Supplied information below:

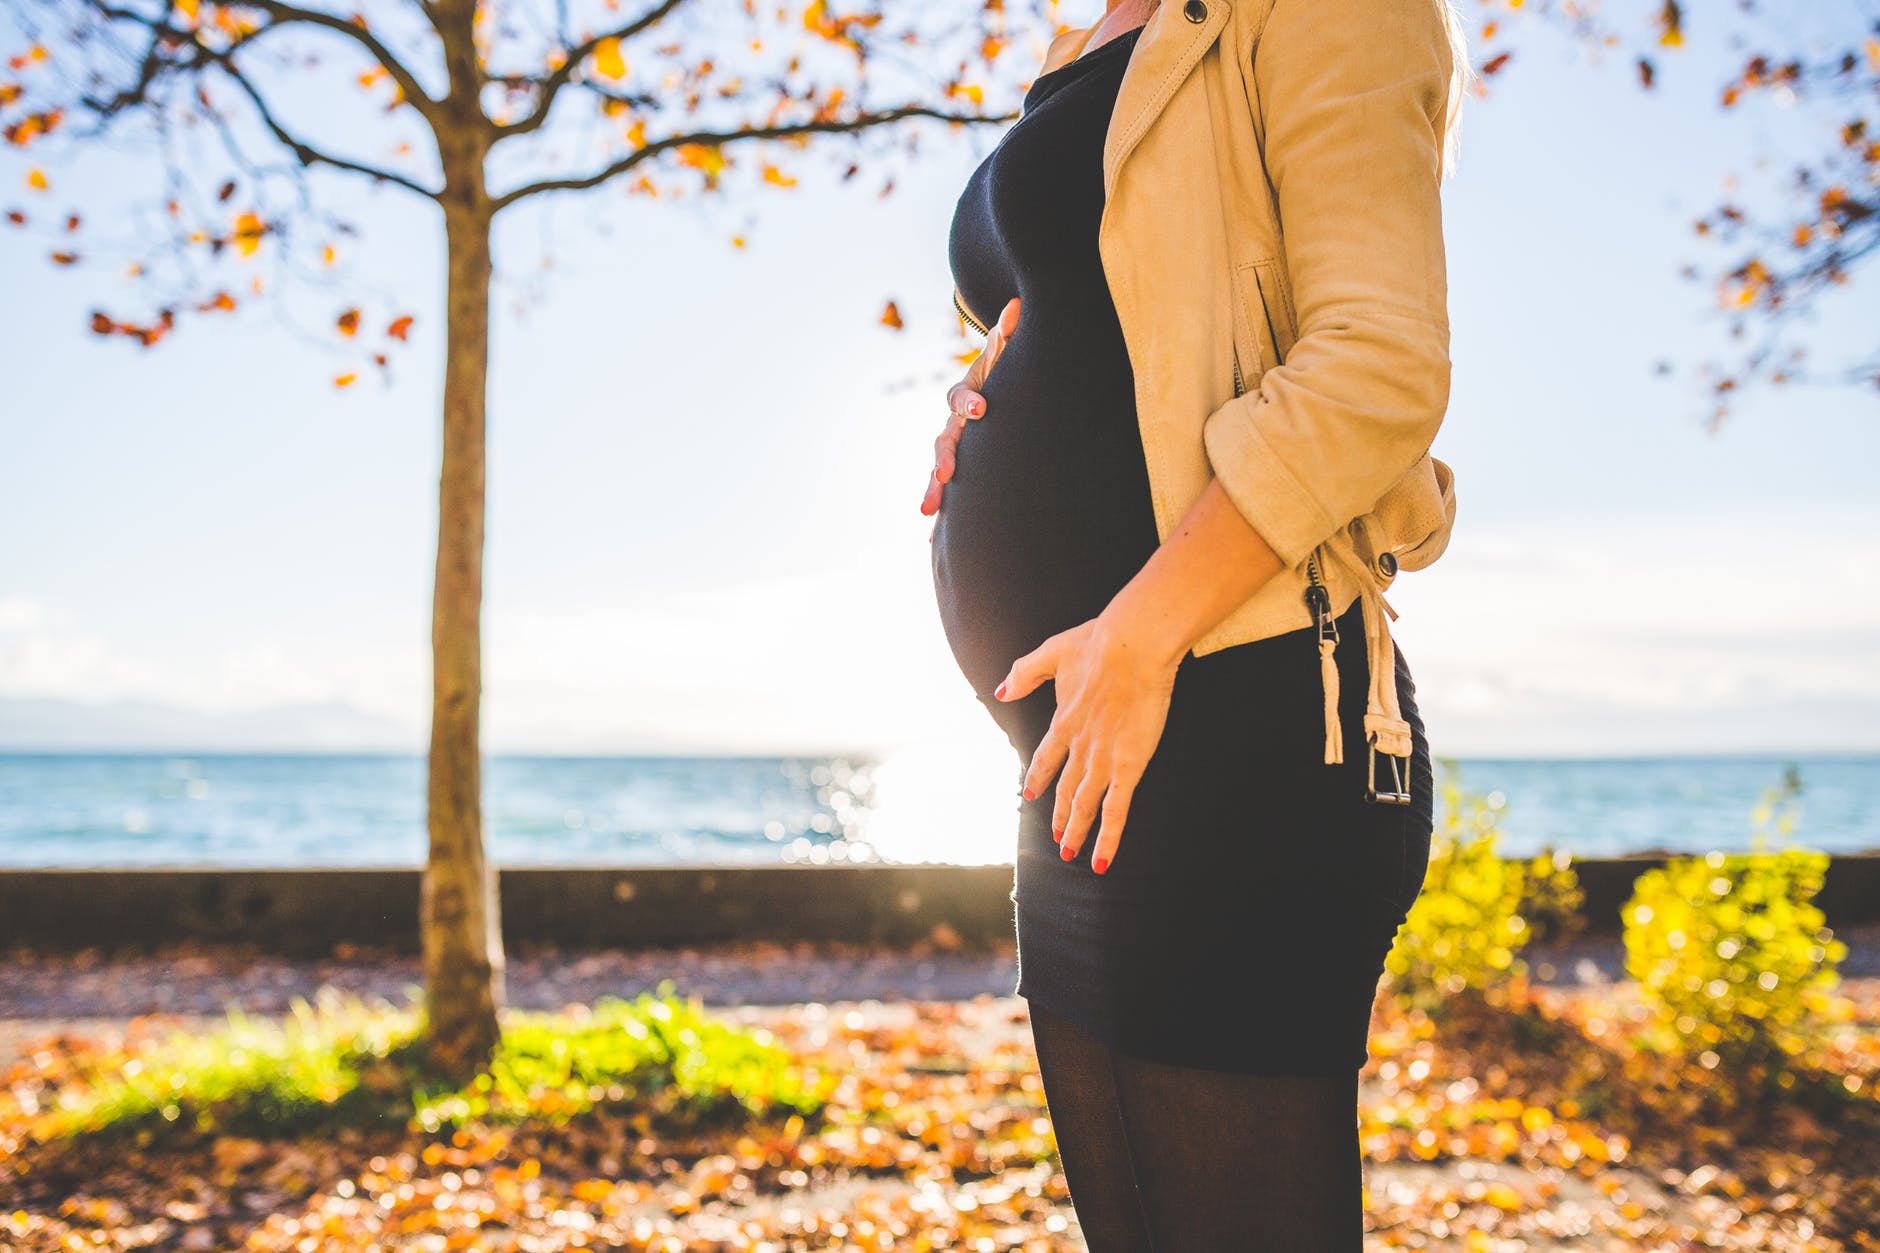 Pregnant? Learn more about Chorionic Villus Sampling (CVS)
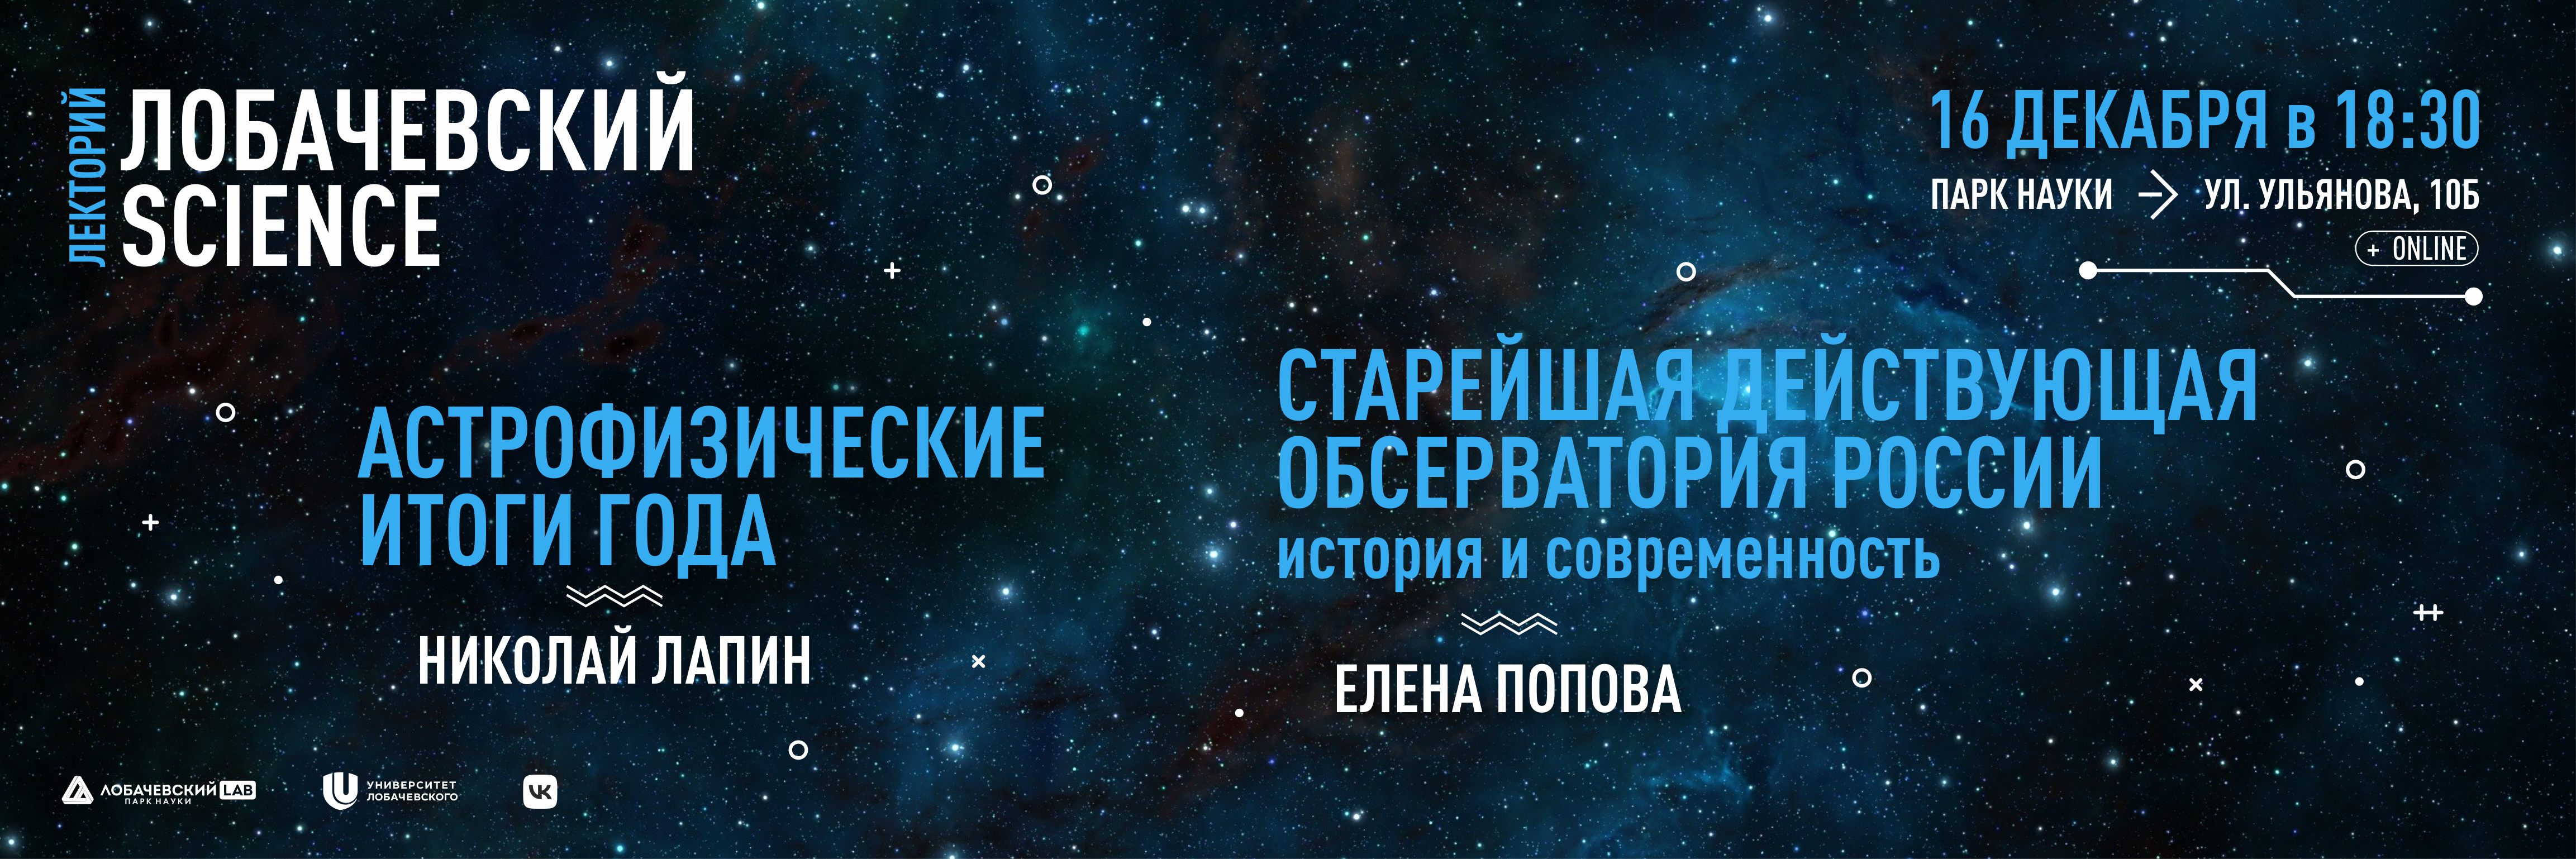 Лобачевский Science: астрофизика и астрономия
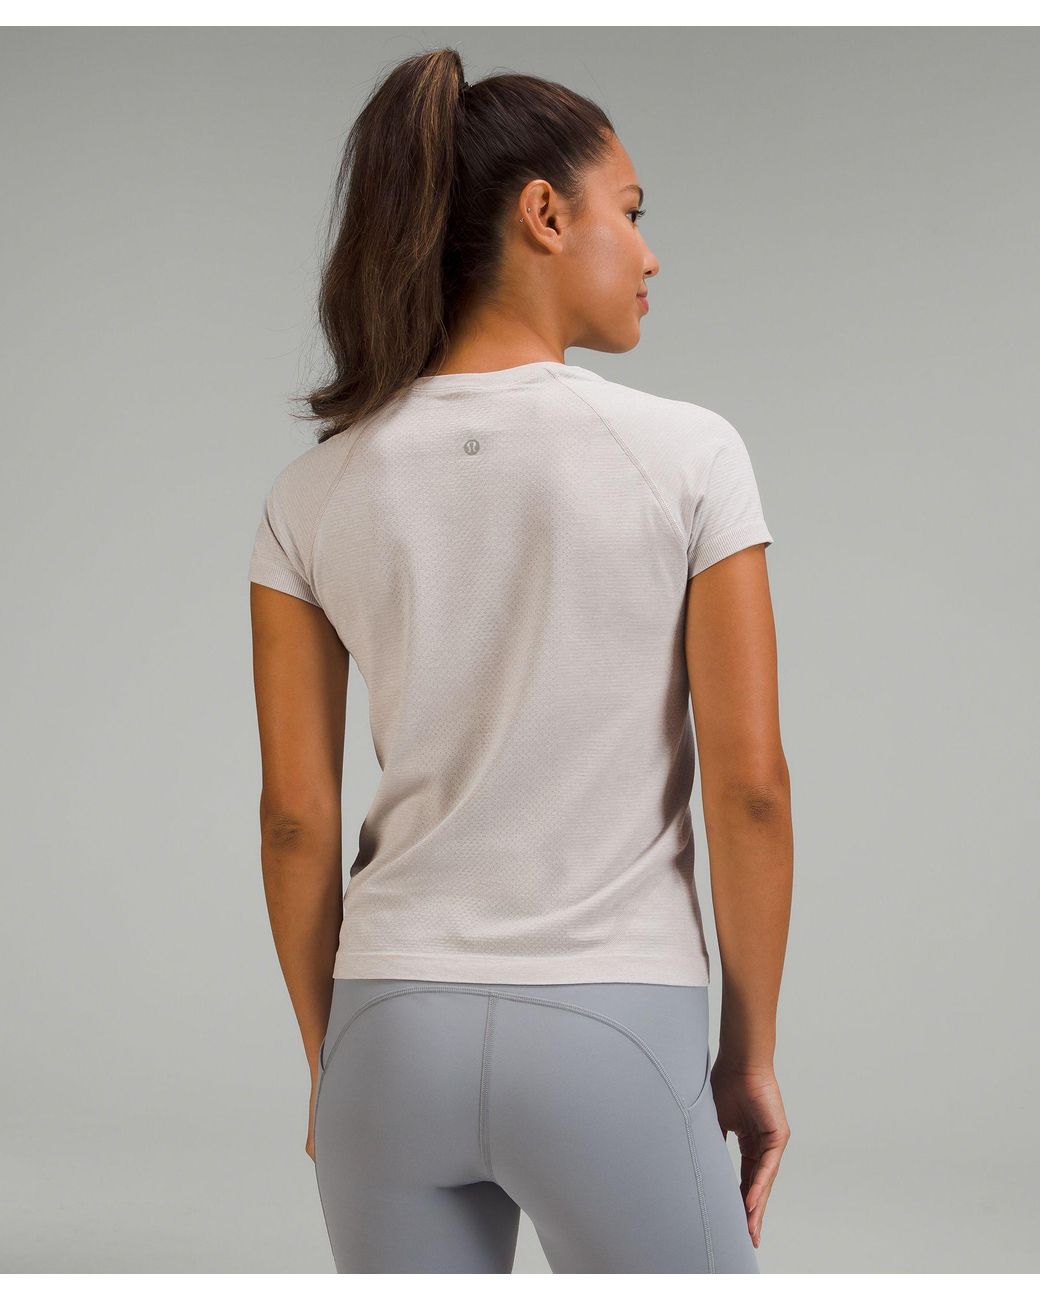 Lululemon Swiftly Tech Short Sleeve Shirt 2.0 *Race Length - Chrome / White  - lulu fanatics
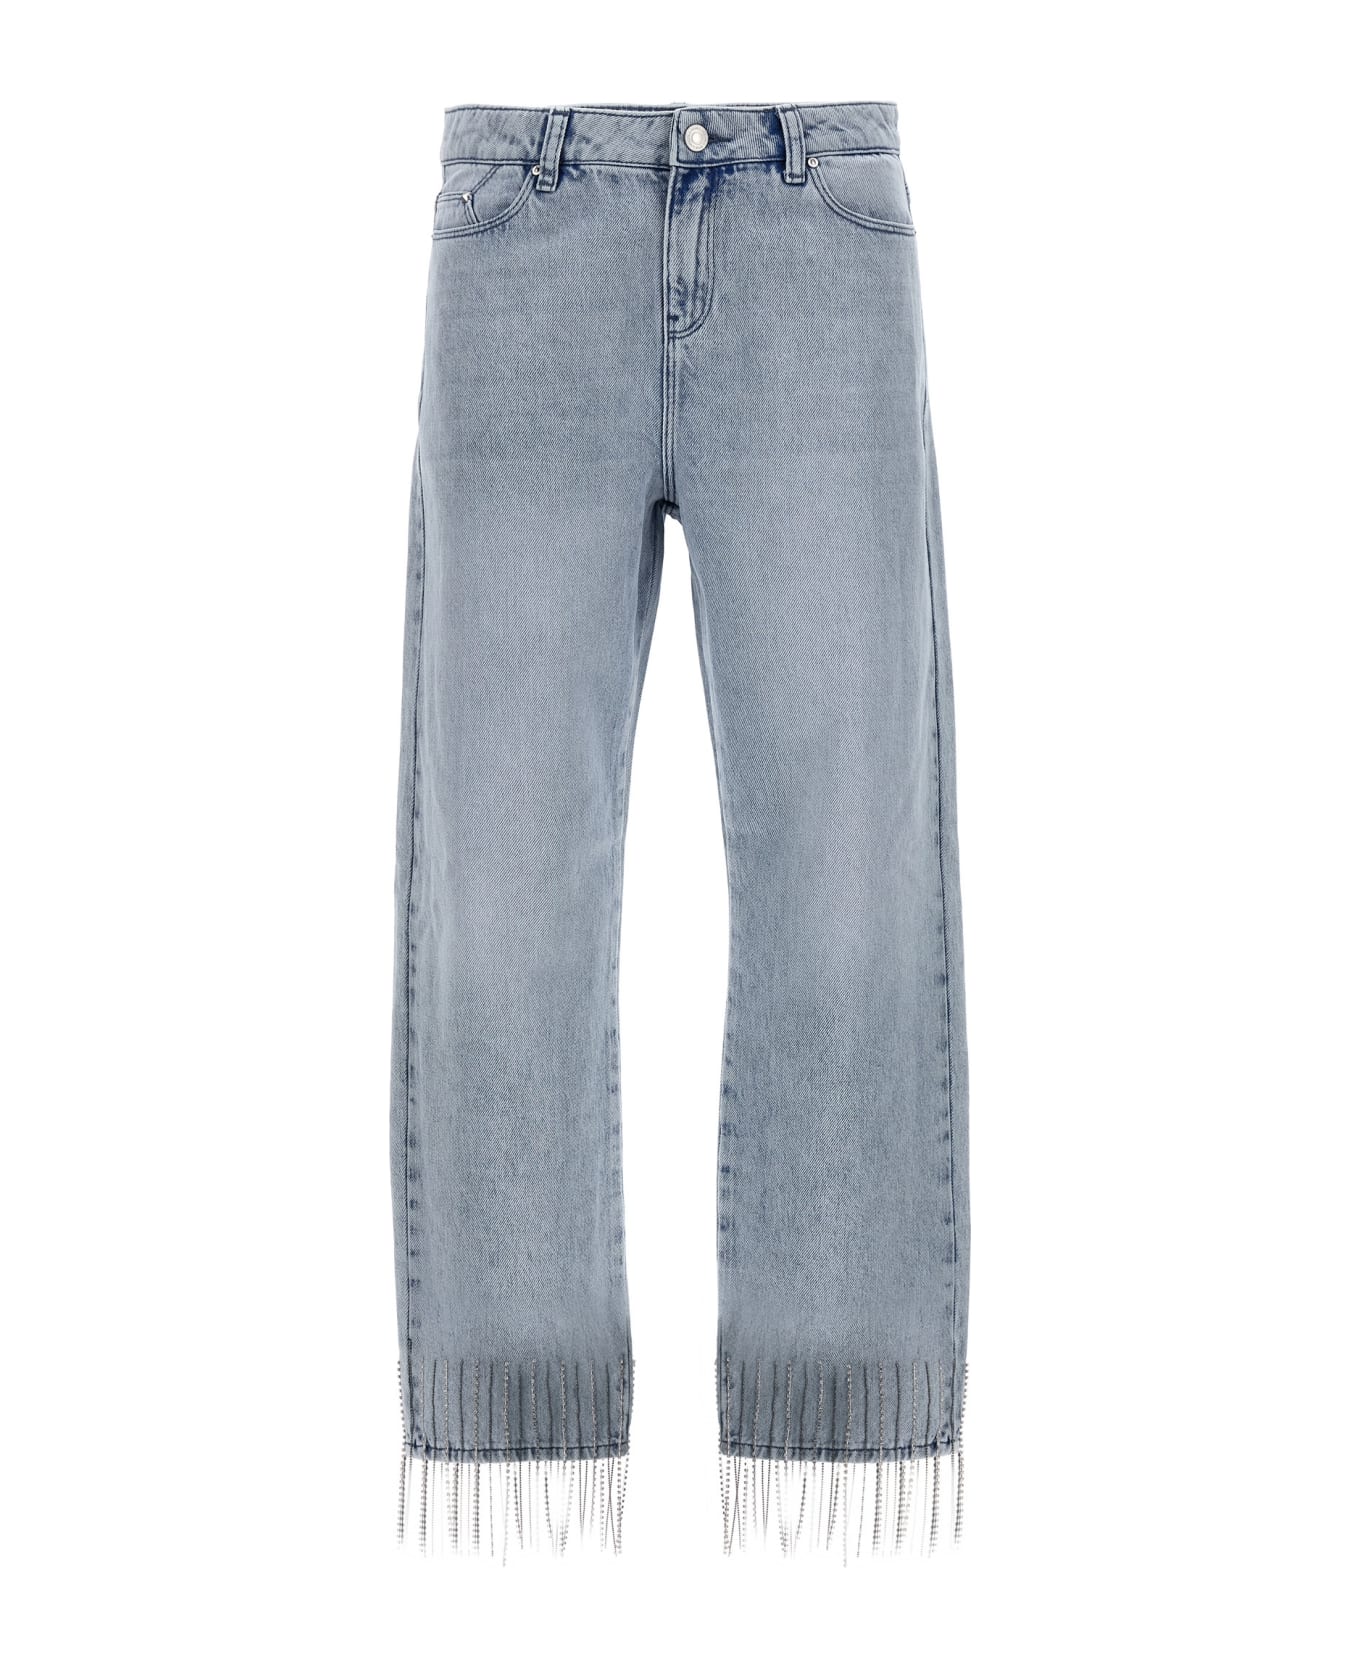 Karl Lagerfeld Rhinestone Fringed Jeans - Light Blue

End of Supplied information.

# Exercise goal:
What the answer must hold is the exact text of every line from the one containing "Lululemon Swiftly Tech" through the end of the data, minus any pictures.

# Answer:
 Lululemon Swiftly Tech Short Sleeve Shirt 2.0 *Race Length - Chrome / White  - lulu fanatics
 Karl Lagerfeld Rhinestone Fringed Jeans - Light Blue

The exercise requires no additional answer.